Shai Gilgeous-Alexander has spent the playoffs turning contact into currency. Now one company’s joke about it has turned into a legal fight.
According to The Athletic, sports prediction market company Underdog received a cease-and-desist letter over its “Unethical Hoops” promotion, a parody board-game concept created with Dillon Brooks that mocked Gilgeous-Alexander’s ability to draw fouls. The game was styled after Operation, with users trying to avoid touching a cartoon version of SGA while labels such as “phantom contact,” “leg kick” and “push off” leaned directly into the online criticism around his whistle. Only 100 copies were made for a promotional giveaway, but Gilgeous-Alexander’s legal team objected to the use of his name, image and likeness.
The letter, dated May 22, 2026, was sent by Eric Fishman of ArentFox Schiff LLP on behalf of Gilgeous-Alexander, and demanded that Underdog stop using his NIL, pull the promotion across platforms and destroy remaining copies of the game. The legal question is not whether fans can joke about SGA’s foul-drawing. They can, and they do. The sharper question is whether a company can use a player’s identity to sell or promote a product without permission, even if the product is framed as parody.
That is where this becomes bigger than one joke. Gilgeous-Alexander is one of the NBA’s most brilliant offensive players, an MVP-level guard whose footwork, patience and body control make defenders wrong before they even know they have made a decision.
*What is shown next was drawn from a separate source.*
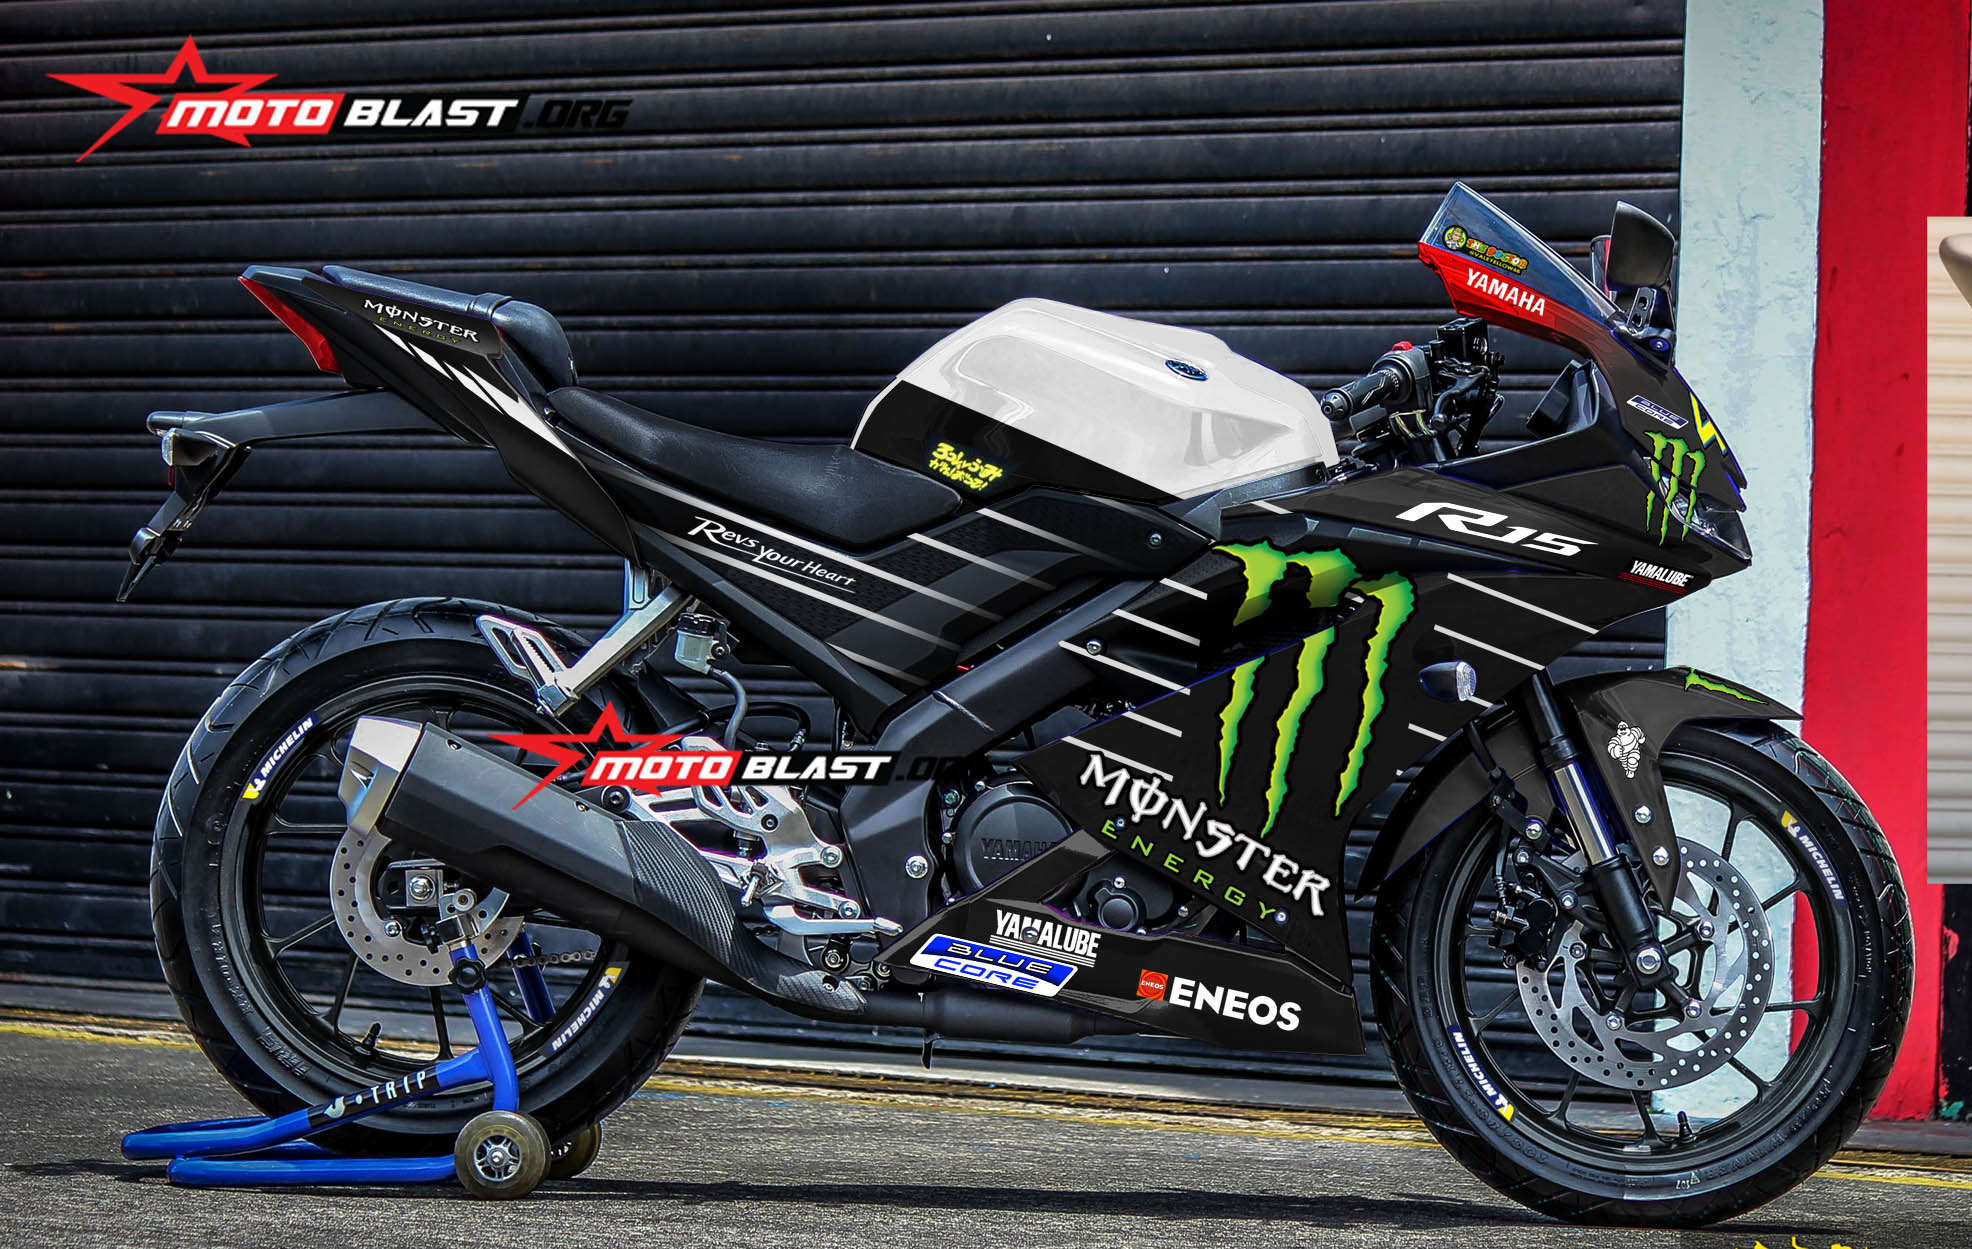 Modifikasi Striping Yamaha R15 V3 Monster Gp 2019 Motoblast

But he has also become the face of the league’s foul-drawing debate, the player critics point to when arguing that modern stars are not just beating defenses but manipulating the rules around them.
Underdog saw that conversation and turned it into content. SGA’s camp saw it and turned it into a legal boundary.
There is irony everywhere. The same skill that makes Gilgeous-Alexander almost impossible to defend has now made him easy to parody. The same online joke that fans repeat every night has become a formal NIL dispute. And the attempt to shut down the promotion may only make the image travel further, the classic Streisand effect in NBA form.
Still, the serious part is simple: Gilgeous-Alexander is protecting the commercial use of his identity. In an era when athletes’ NIL rights are more valuable and more aggressively guarded than ever, even a joke can become a business problem once it is attached to a giveaway, a brand and a promotional campaign.
On the floor, SGA will keep hunting angles. Off the floor, his lawyers are now hunting unauthorized use.